In a depressingly familiar tale, the latest bank holiday weekend was characterised by vast disruption across the country from airport e-gates failing to function to engineering work crippling the country’s rail network.
What also caught the eye was more protests from Just Stop Oil, which interrupted showcase events such as rugby union’s premiership final at Twickenham and the world-famous Chelsea Flower Show with their orange dye antics.
Just Stop Oil is an environmental activist group, in many ways a successor to Extinction Rebellion and Insulate Britain – calling for no new oil and gas projects in the UK.
This is a credible position for people concerned about net zero carbon emissions, and eager for the UK to reach the Paris Agreement goal of sustaining global temperatures within two degrees of pre-industrial levels.
What is less reasonable is their methods.
On Saturday, two protestors leapt over the barriers at Twickenham and unleashed a cloud of dye on the pitch, halting the game between Sale Sharks and Saracens, a day after three activists rinsed a Chelsea Flower Show garden in orange dust, which ironically had been planted to promote biodiversity and sustainability.
This is not Just Stop Oil’s first rodeo – with similar tactics being displayed this year at The Crucible during the World Snooker Championship when a protestor plastered the table with powder.
The group also recently tried and failed to storm the stage at Shell’s AGM, and has been taking part in so-called ‘slow marches’ across London, blocking bridges and busy roads.
Most unpleasantly, activists have taken to fouling valuable artworks – including Vincent van Gogh’s ‘Sunflowers’ at the National Gallery.
After all, it is so much easier to destroy and taint what is precious and meaningful to people than to build anything valuable yourself.
Yet, what is noteworthy is the public response to these tactics.
Public turn on eco-protestors
The intruders at the rugby were booed and heckled as they were dragged off by stewards and some of the players, the Chelsea Flower Show charlatans were given short shrift by visitors to the park, and in a less palatable episode – a man was detained by police for shoving away protestors blocking a road in central London.
While assault can never be condoned, what is heartening is the public can see Just Stop Oil for what it truly is – an anti-democratic mob looking to impose its will on others, without aiming to engage, argue or convince people of the moral value of its aims.
Blocking roads, disrupting events enjoyed by millions and butchering artworks that make up our cultural inheritance is not a matter of freedom of expression.
it is imposing your demands on others in a bid to dictate the policies of a government with the mandate of millions of people.

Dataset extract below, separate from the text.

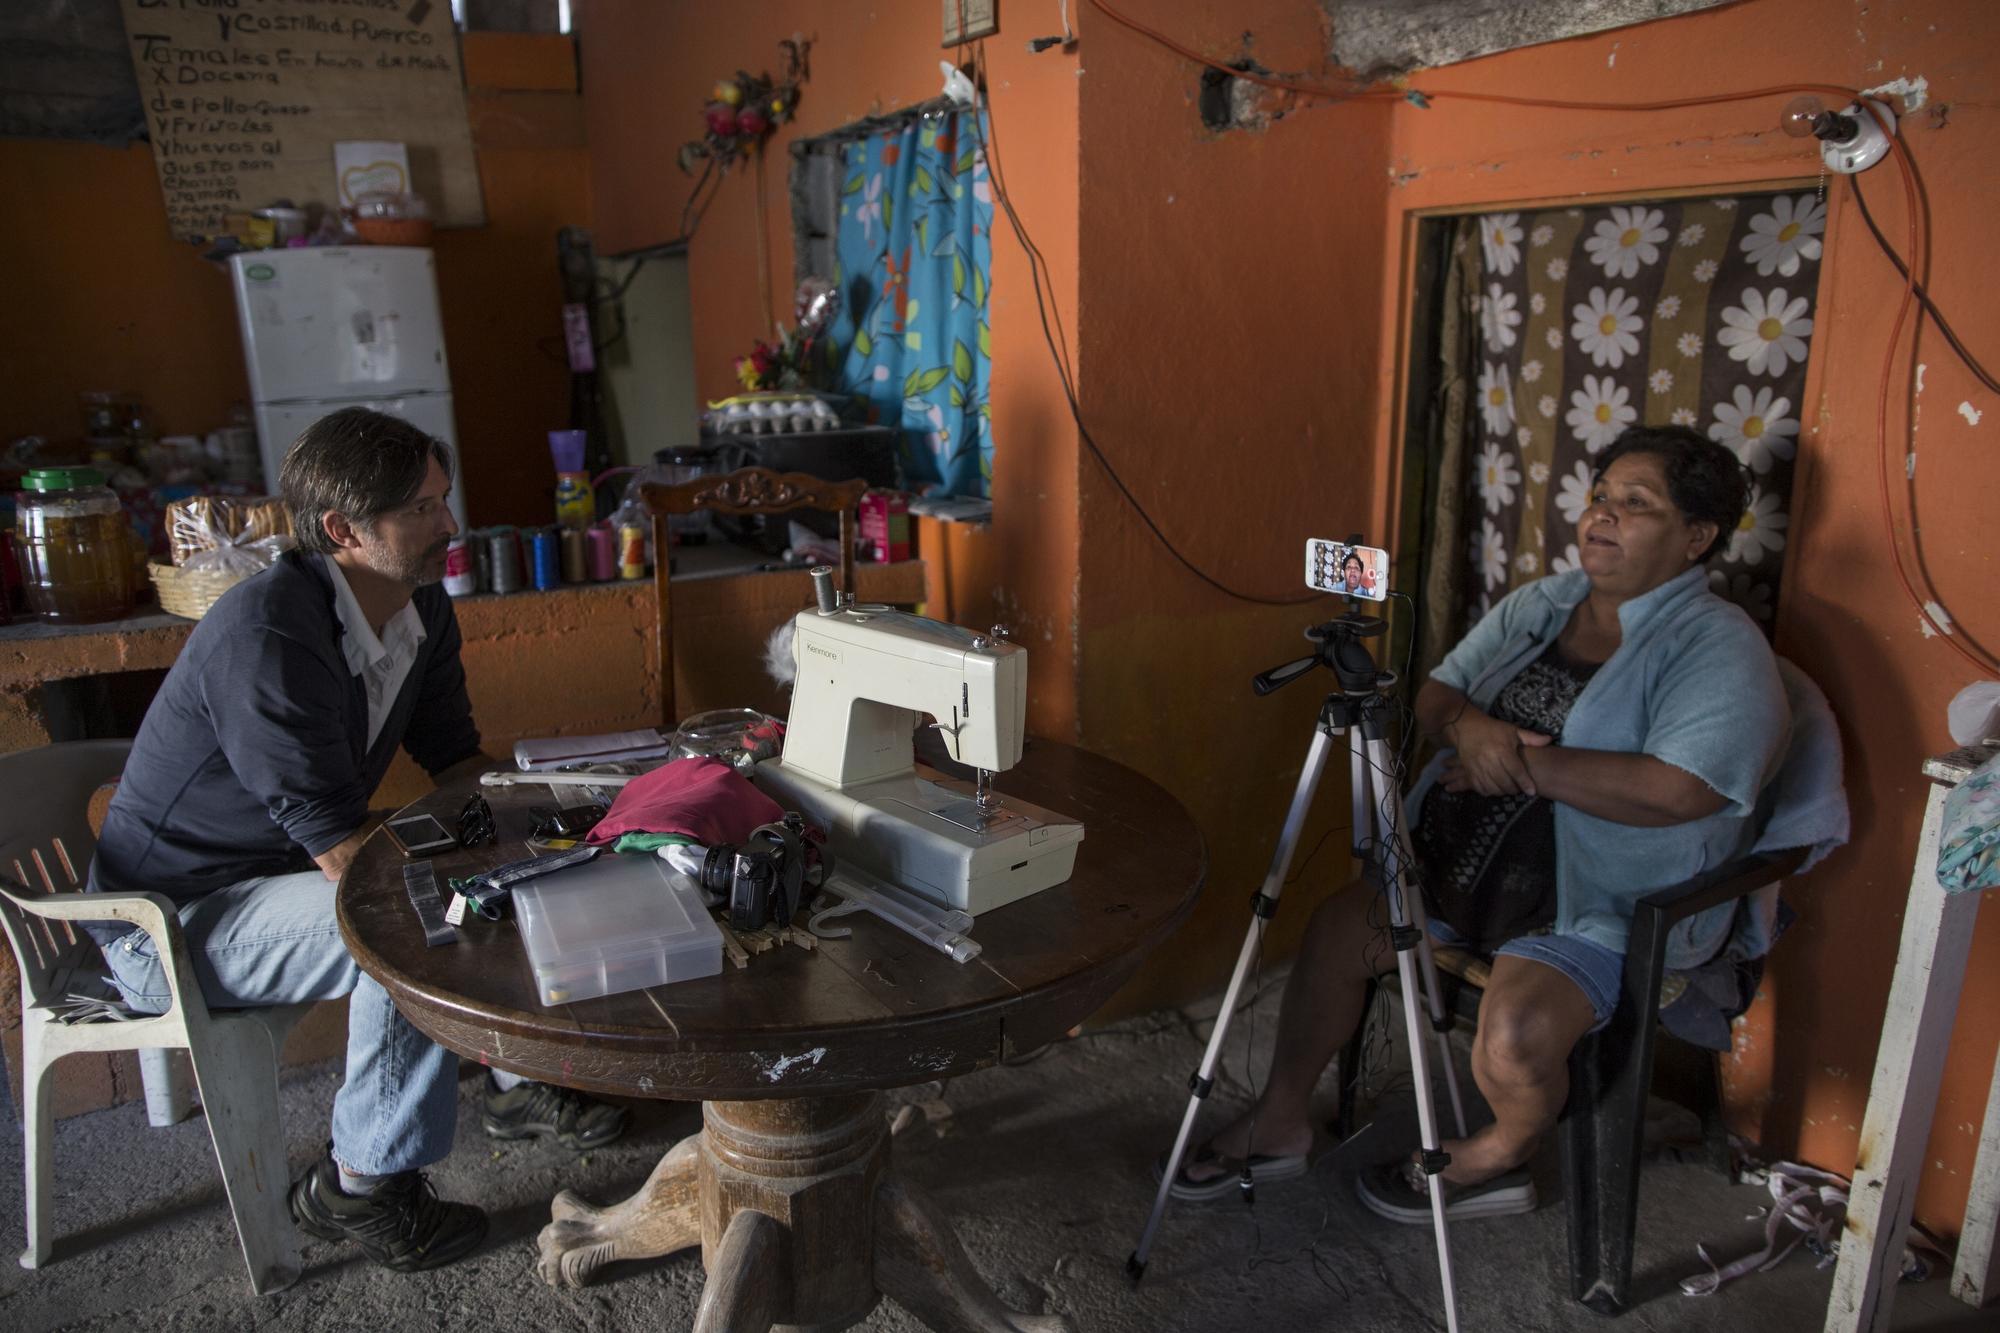 AP journalist Christopher Sherman interviews Jesus Esteban Cruz inside her home in Reynosa, Mexico, Wednesday, March 22, 2017, across the border from McAllen, Texas. (AP Photo/Rodrigo Abd)

Polling consistently shows Brits care deeply about the planet, and most people engaged in the discussion around climate change know the world is not going fast enough to reduce emissions – and that this could have severe ecological and environmental consequences, potentially damaging our standard of living and causing severe harm to the natural world.
Essentially, we don’t need Just Stop Oil to showcase their message, especially as the debate they pretend is not being held is underway already, and doesn’t require their voice.
Labour have confirmed, after months of foreshadowing, that if they win the next election, they will stop any new fossil fuel projects in the North Sea.
Meanwhile, BNP Paribas has recently opted to stop funding new oil and gas developments.
Elsewhere, pressure groups such as Uplift have also been calling for no new sites in British waters – and their views are in line with the recent statements from the International Energy Agency and Intergovernmental Panel on Climate Change.
Nevertheless, they are mistaken.
The UK requires fossil fuels to meet its supply needs for the next three decades, even as the government wisely ramps up renewable generation to reach net zero. After all, 85 per cent of its housing stock depends on gas for heating.
In such a scenario, securing the least carbon intensive supplies is essential – with domestic oil and gas being considerably less environmentally damaging than overseas imports of liquefied natural gas, alongside being more reliable and supporting tens of thousands of jobs.
It is also the case that energy giants such as BP and Shell will be essential to funding the transition from fossil fuels to hydrogen and offshore wind – while North Sea operators such as Harbour and Neptune will likely be key for carbon capture projects.
Such an argument would only fall on deaf ears if made to Just Stop Oil activists, as would the fact that London is the heart of green investment, making its routine attempts to bring the capital to a logjammed standstill as counterproductive as they are ignorant.
The UK’s energy future, environmental goals and creaking North Sea oil and gas industry are debates of real consequence, and would be best served if Just Stop Oil no longer featured in it.